We start the week by discovering the news about a security breach that is going to cause a lot of talk. It has just been recognized by the Manager of one of the most important universities in Spain that has suffered a security problem in which the data of students and former students has been exposed.
From the University of Alicante they have sent a message in which they explain how, on April 11, they detected a security breach that could have affected the Alumni system. This means that the personal data of both active students and alumni could have been affected. What else does this incident imply?
Consequences of the attack
The good news is that, as reported by the UA, the team at the head of its Information Security Division detected the incident before the situation got worse. From that moment on, they set to work to minimize the effects of the breach so that the consequences would not be as forceful as they could have been.
However, that does not mean that there are no problems arising from the incident. The data that has been filtered is, as indicated, of an identifying, administrative and contact nature. This implies that, if you have been a student at this university or if you are currently one, your name, your surname, the email address you use with the address @alu.ua.es, your DNI number and other information may have been leaked. as your Alumni service password.
It is specified that, however, it does not mean that, because you are a student or former student, this data has been leaked.
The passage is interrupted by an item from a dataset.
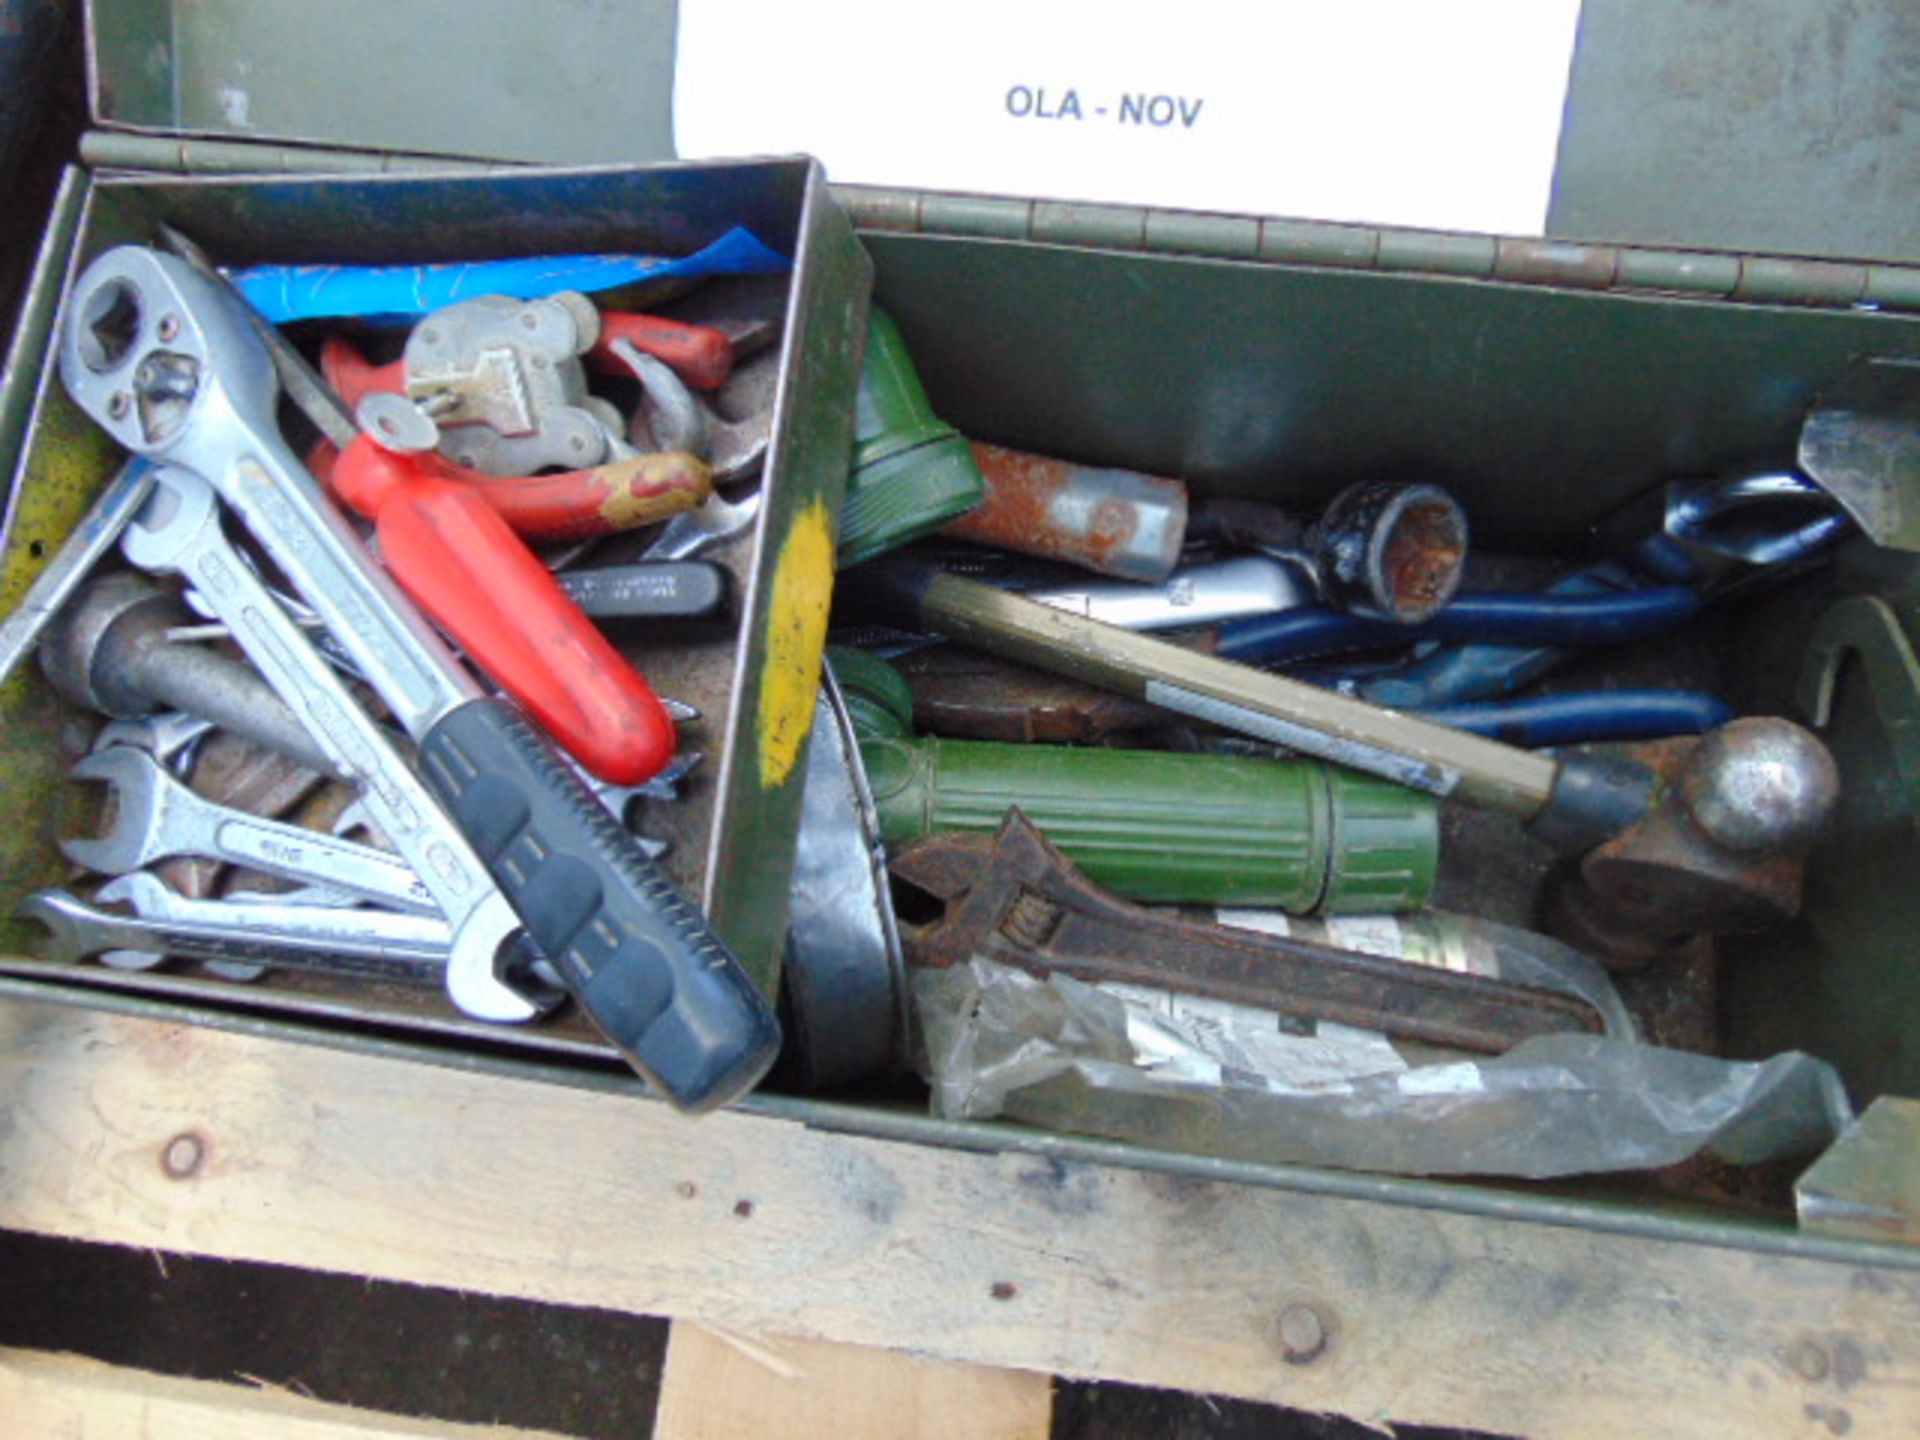 V M Mechanics tool box c/w tools as shown - Image 2 of 3

It’s possible that you didn’t have this data built into the system, so in that case, you have nothing to worry about. Likewise, it may also arise that the data is outdated, in which case you should not be overwhelmed by the security breach either.
Gap in a secondary environment
This is the most important thing that has happened in the cyber incident that the University of Alicante has suffered. As mentioned, the affected system is not connected to the rest of the UA environment, so the security of the entire university system has not been broken. Furthermore, seeing that there was no obstacle to this, the university has acted quickly by disconnecting the system that suffered the breach.
In the message sent by the University of Alicante they confirm that, in relation to the above, access to UACloud nor to the main UA system has been affected. The data that has been exposed does not provide access to this and therefore does not pose an immediate risk to worry about. But as they report, it is true that this information can be used by cybercriminals with the intention of carrying out phishing or spamming attacks.
For now, the Alumni system will remain offline until an updated version is available. This will allow you to use it again without any fear. However, as recommended by the UA, it is advisable to change the password and also modify it in any other service in which you may be using it. Consider that criminals could cross-reference your first and last name with other online services, try to use that same password and perhaps access other of your accounts. Therefore, it is better to change passwords and be as careful as possible.
In addition to using the double authentication system, you need to be alert to possible suspicious messages you receive. You never know how scammers who could have benefited from access to your data stored on this university’s system may try to trick you.